2) About the "more available solar panels": electricity grid with given amount of renewable energy sources requires additional power plants with the same power to provide power reserve (in particular a "hot reserve"), regulate the network phase and frequency. Wind and solar can't provide these functions, only hydropower can (from the renewable energy sources). But it comes with some serious restrictions - there are very few suitable places where hydropower plants can be build. There are other serious matters around them. Currently most countries are "solving" this challenge by building power plants that burns natural gas and uses gas-turbines. The other frequently used "backup" power source are the nuclear power plants.


@trinsec @stavros

The energy consumption of ACs is very high. The smaller units are consuming around 1600-2000 Watts at max power. For one hour of operation this is 1,6 to 2KWh. You need about 6-7 very efficient (300 and more Wp) solar panes (dimensions of 1,65 meters by 1 m) to produce this amount of energy for 1 hour. That's a lot of panels and a lot of required space for installation.

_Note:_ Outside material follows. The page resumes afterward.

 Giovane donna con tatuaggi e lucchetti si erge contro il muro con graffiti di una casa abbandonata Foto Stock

3) About the heatwaves and the solution:
I don't know in what country/climate you are living. I'll give you detailed data for where I'm living.
The first attachment gives the temperatures in C of the UPS in my place. Subtract around 5C degrees to get the indoor temperature. The place is a flat in big building, surrounded by other flats - very small area of the walls are external. They face North and South. The UPS is situated in a corridor around the geometric centre of the floor plan. It is almost equally far from the south and north external walls.
The second image is the outdoor temperature in Sofia, Bulgaria. For example let's see the peak in May, 2020. Outdoors is 34C max, UPS is 31C - so indoors is 31-5=26C.

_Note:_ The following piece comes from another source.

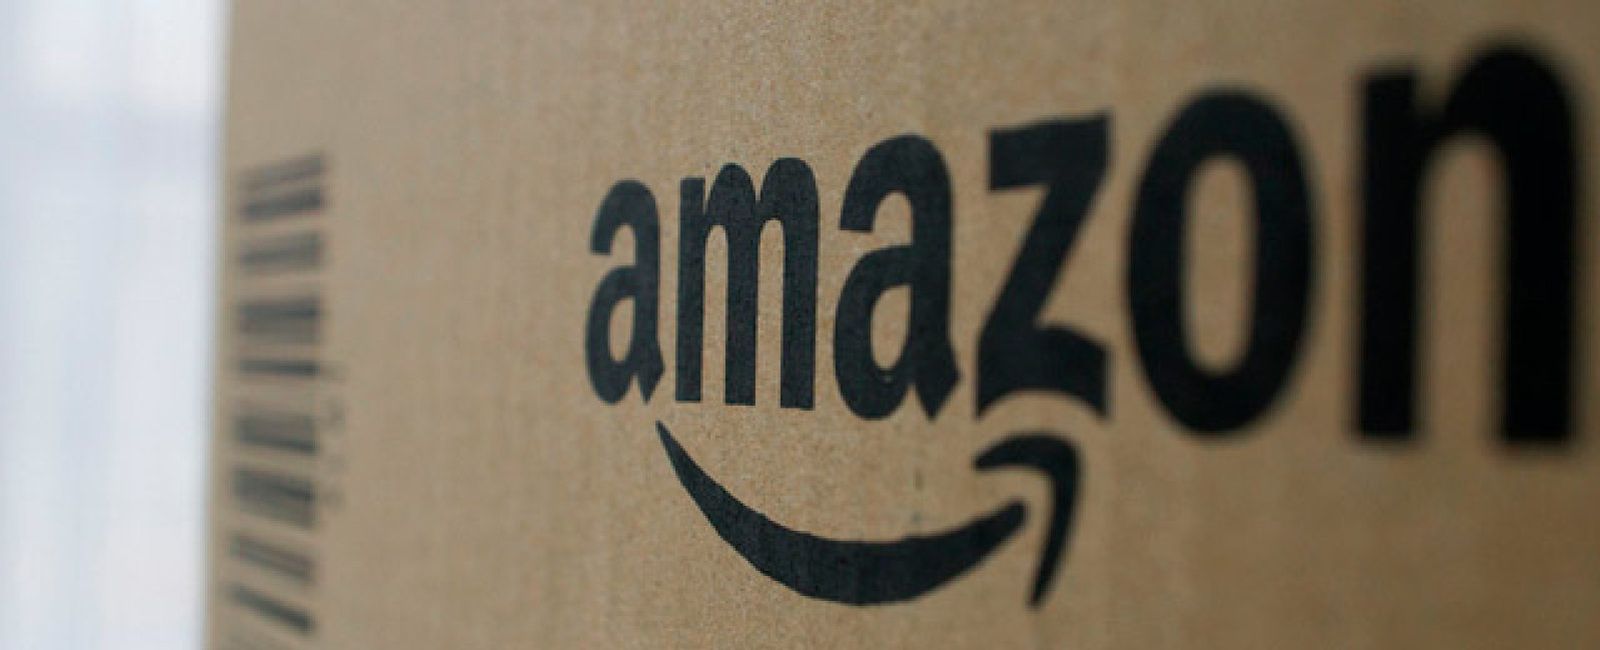 Foto: Google y Amazon: colisión inminente

Quite comfortable indoor temperature and it's holding there without AC. However these kind of temperatures require the usage of curtains - we use a tick curtains of 60% cotton and 40% linen and they cover the almost the entire height of the southern walls.


@trinsec @stavros
3/2 (I've underestimated the amount of text)

The renovation was around 10 years ago - external insulation for the walls, new double glazed windows with aluminium frames, new entry door with good sealing at the edges.
My rough calculations give U-values around 0,3-0,35 W/m2K (Watt per square meter per 1 Kelvin temperature difference)(the North-facing walls have some internal insulation also), the windows are around 2,0-2,7 W/m2K (one has the additional energy coating). These values roughly translate to the German standard ENEV 2002 (the third image, taken from, page 13 of the PDF).
The easy upgrade path for this place is to replace the double-glazed glass with triple-pane glazing. Utilizing E-coatings and wide glass spacing (around 40mm total depth of the glass package) we could go at around 0,9-1,0 W/m2K. This upgrade should cut around 50% of the total heat losses (or gains in the summer) because the window area is almost 50% from the total outdoor-facing surfaces and because the losses are currently significantly bigger there.

We have 10 C or Kelvin temperature difference(25 indoor, 35 outdoor) and 10 sq.m of glazing.
in the case of U-value of 2,7 this gives us:
10 (temp diff)*10 (area of the glazing) * 2,7 = 270 W are flowing through the window into the room at the given temperature difference (10 degrees C).
With U-value of 1,0 we get:
10 (temperature diff) * 10 (sq. meters of glazing) * 1,0 = 100 Watts of power heating the same room.

Let's compare them: with the better windows the room will get the same amount of energy about 3 times longer - 3 hours for the better windows vs 1 hour for the base scenario. 300 Wh of energy (300 watts of power for 1 hour) is not insignificant amount.

@trinsec @stavros
I've forgot about the expenses and costs back then:
because there is relatively small area facing outdoors the costs are not very high. The AC unit power for the area when not insulated would be one 9000 BTU and one 18000 BTU units:
1) the windows (around 13 sq.m) - the price of 2 cheap or 1,4 high-quality AC units with inverter;
2) the external thermal insulation (around 35 sq.m) - around 10% more than the windows.

So far (10 years) I had to replace 2 (two) handles and two separate details of a scissors/tilt mechanism.